* _Source material_:
________________________
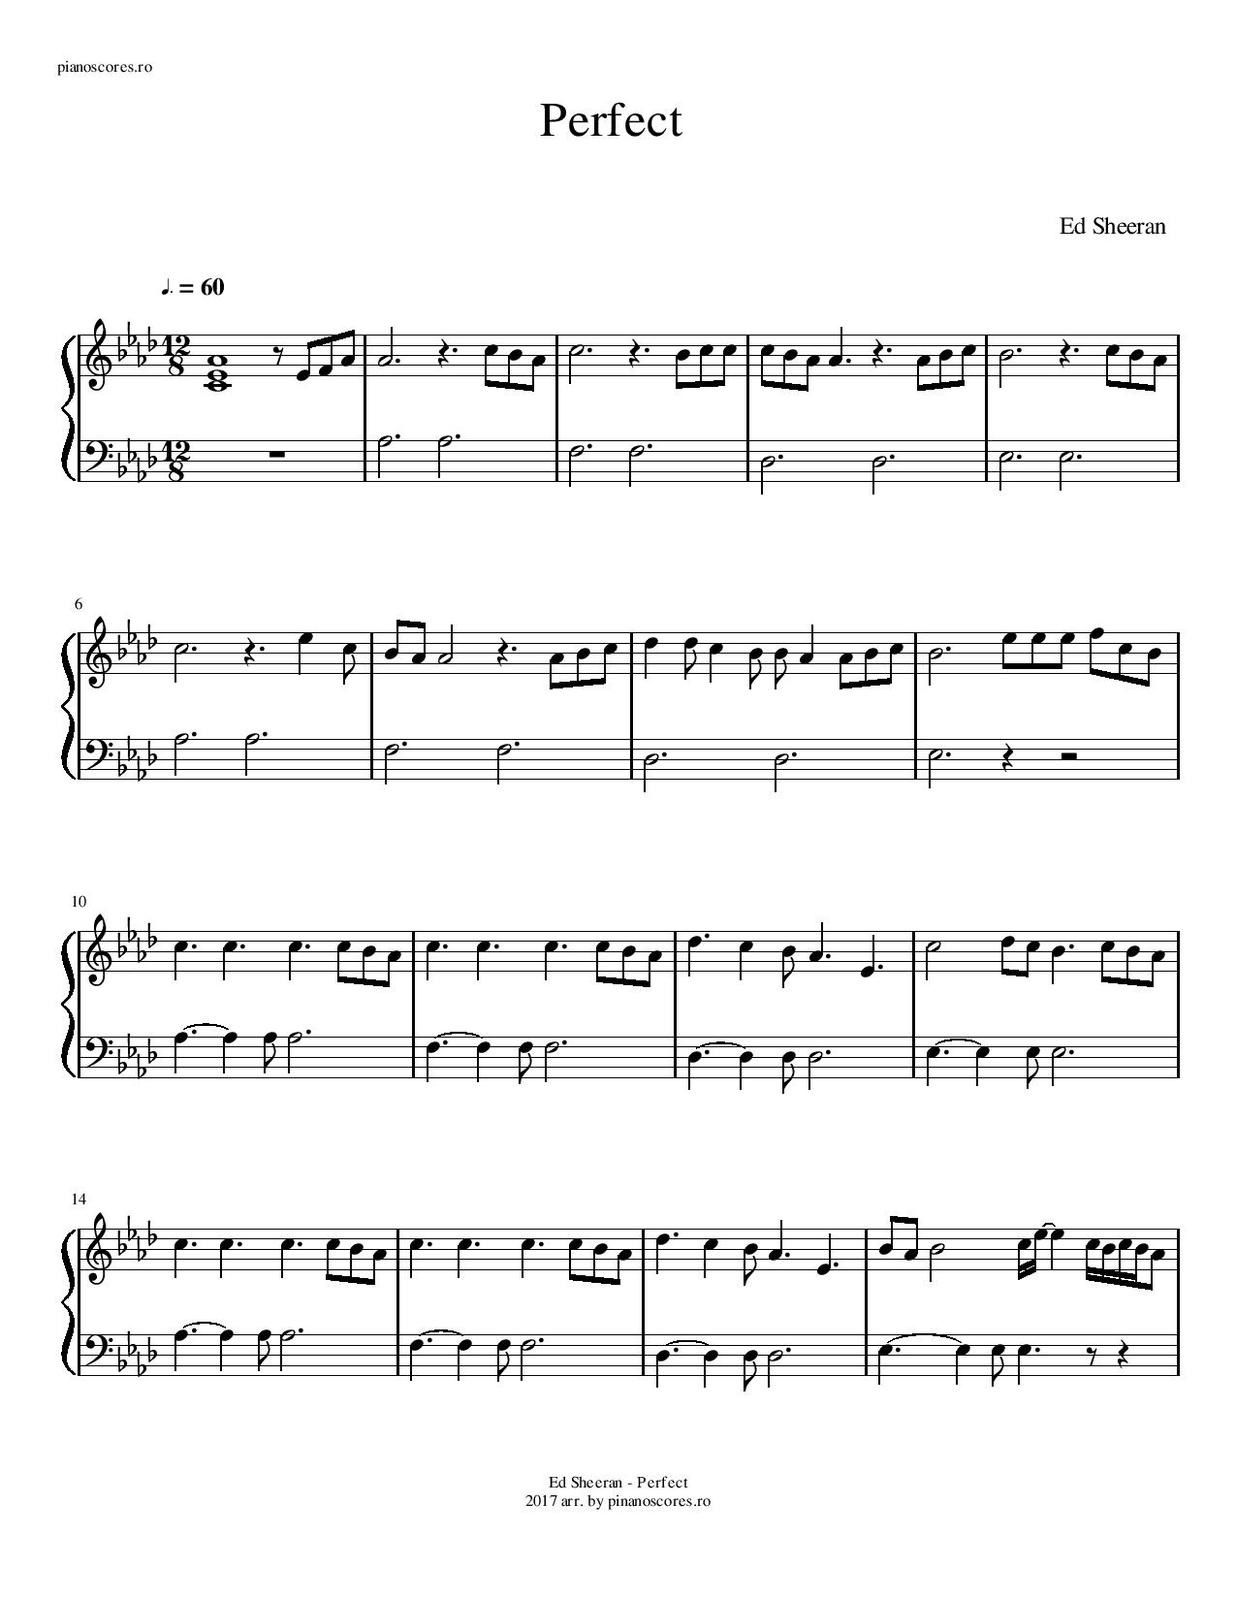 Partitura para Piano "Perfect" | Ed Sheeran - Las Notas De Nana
________________________
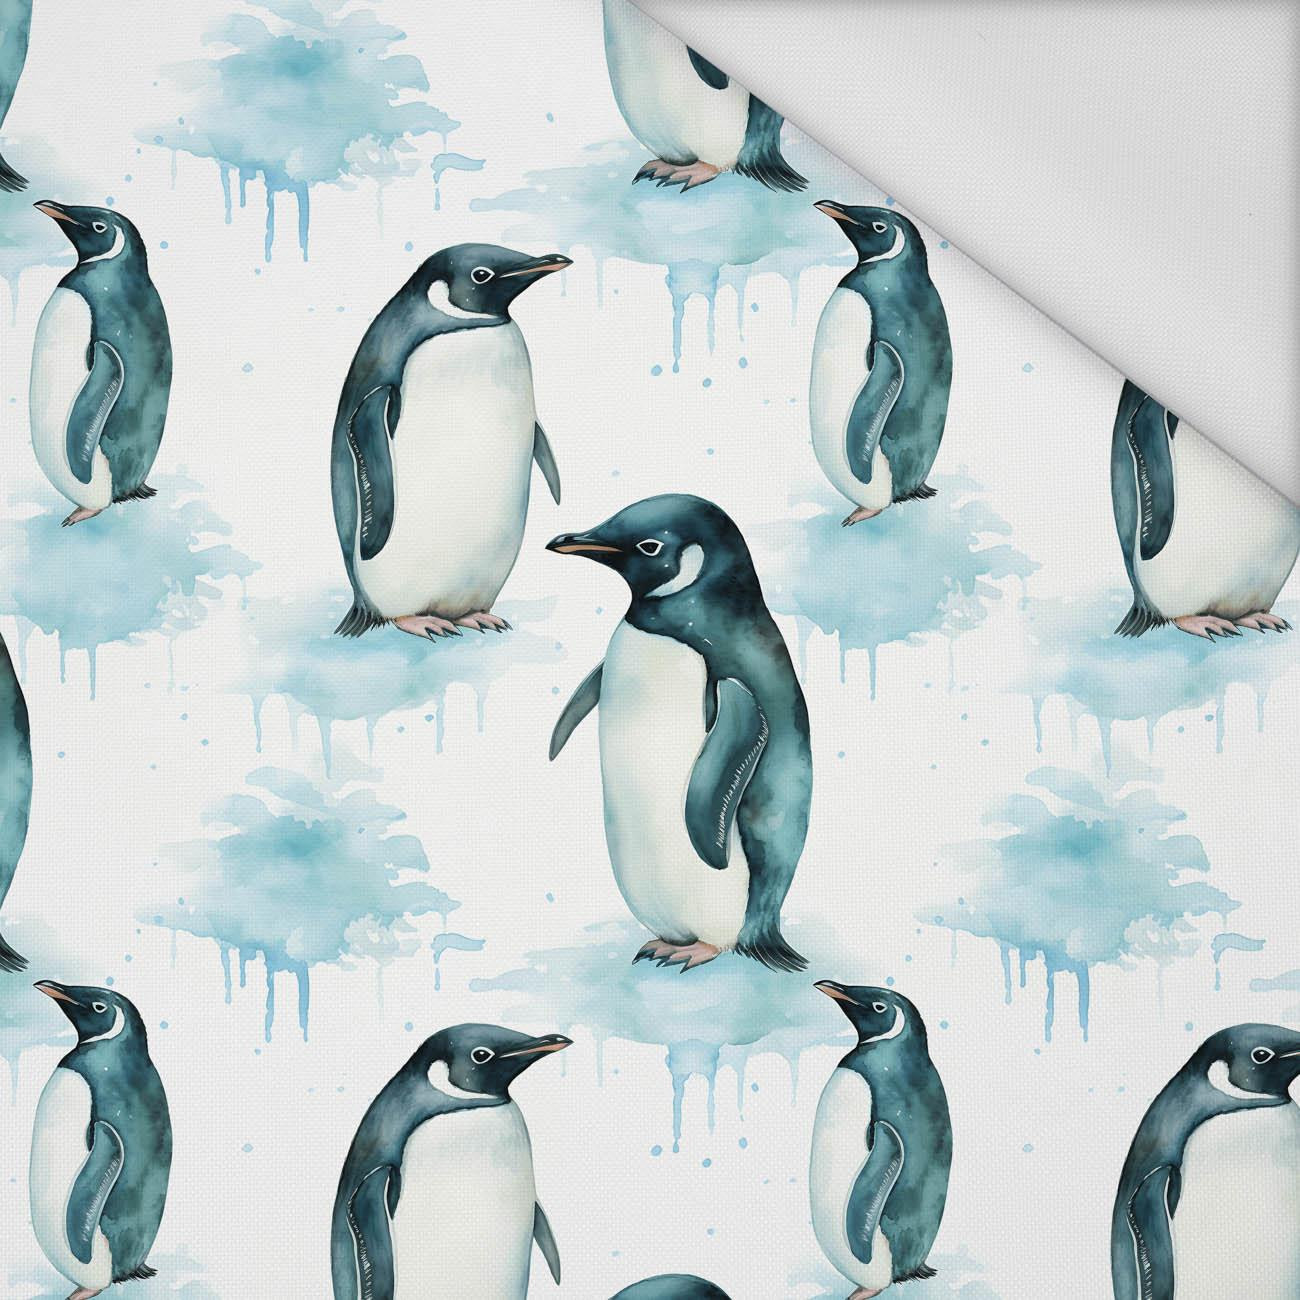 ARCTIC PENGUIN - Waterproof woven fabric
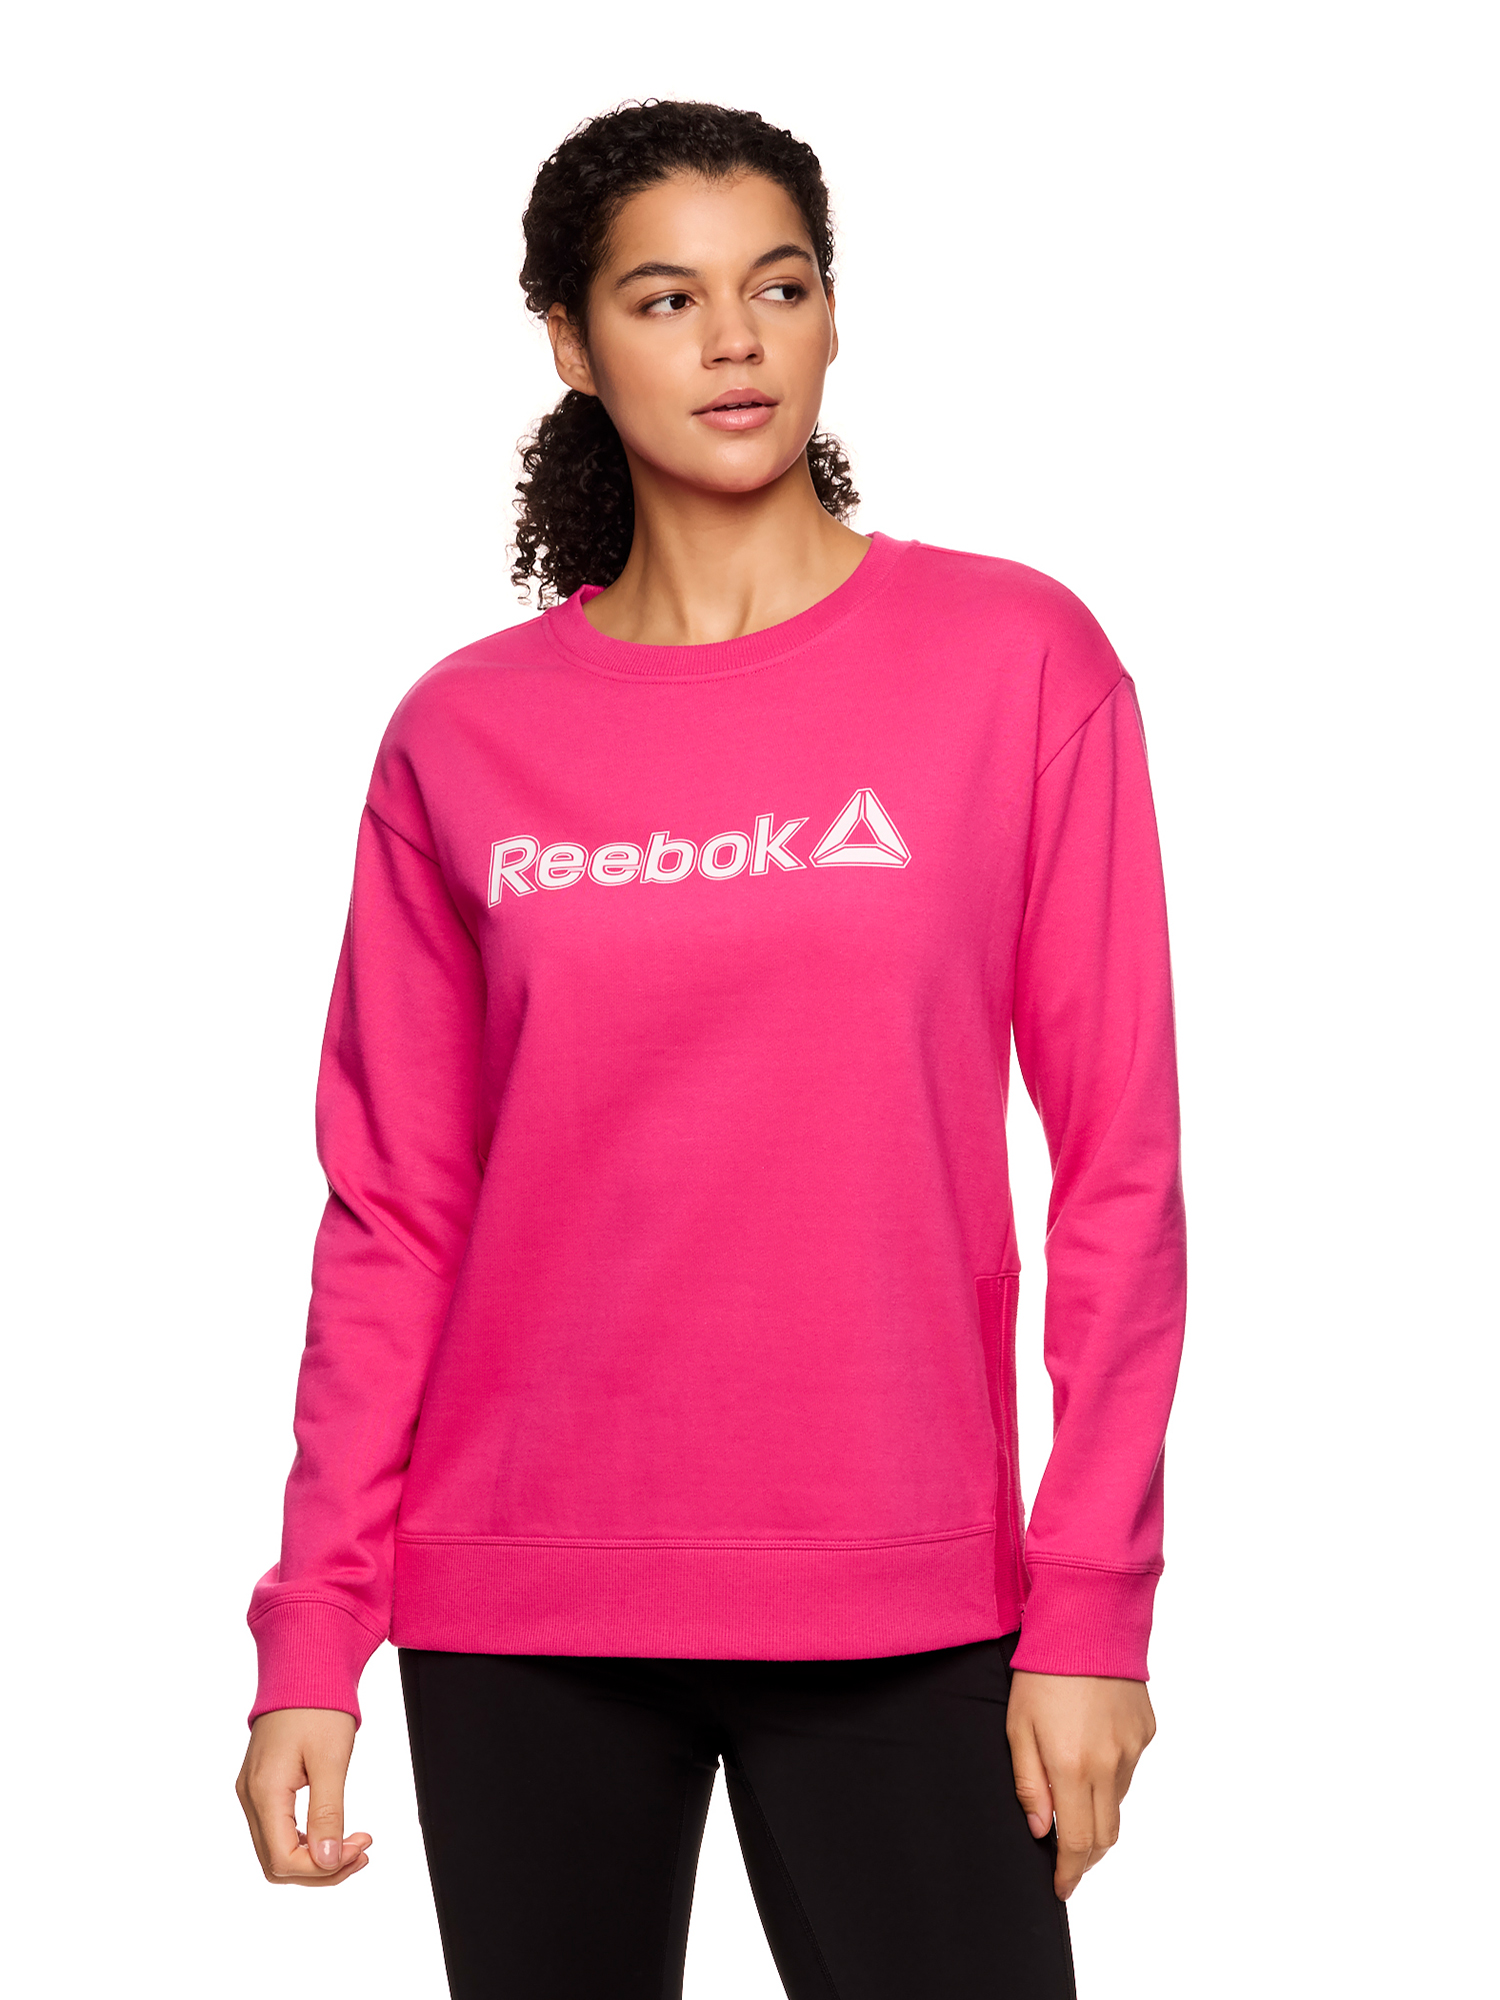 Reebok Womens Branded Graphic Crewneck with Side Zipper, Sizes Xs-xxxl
________________________
* _About this task_:
Print an exact copy of the lines above, from the one containing "ARCTIC PENGUIN - Waterproof woven fabric" through the one containing "Reebok Womens Branded", and leave out the pictures.

* _Solution for this exercise_:
 ARCTIC PENGUIN - Waterproof woven fabric
 Reebok Womens Branded Graphic Crewneck with Side Zipper, Sizes Xs-xxxl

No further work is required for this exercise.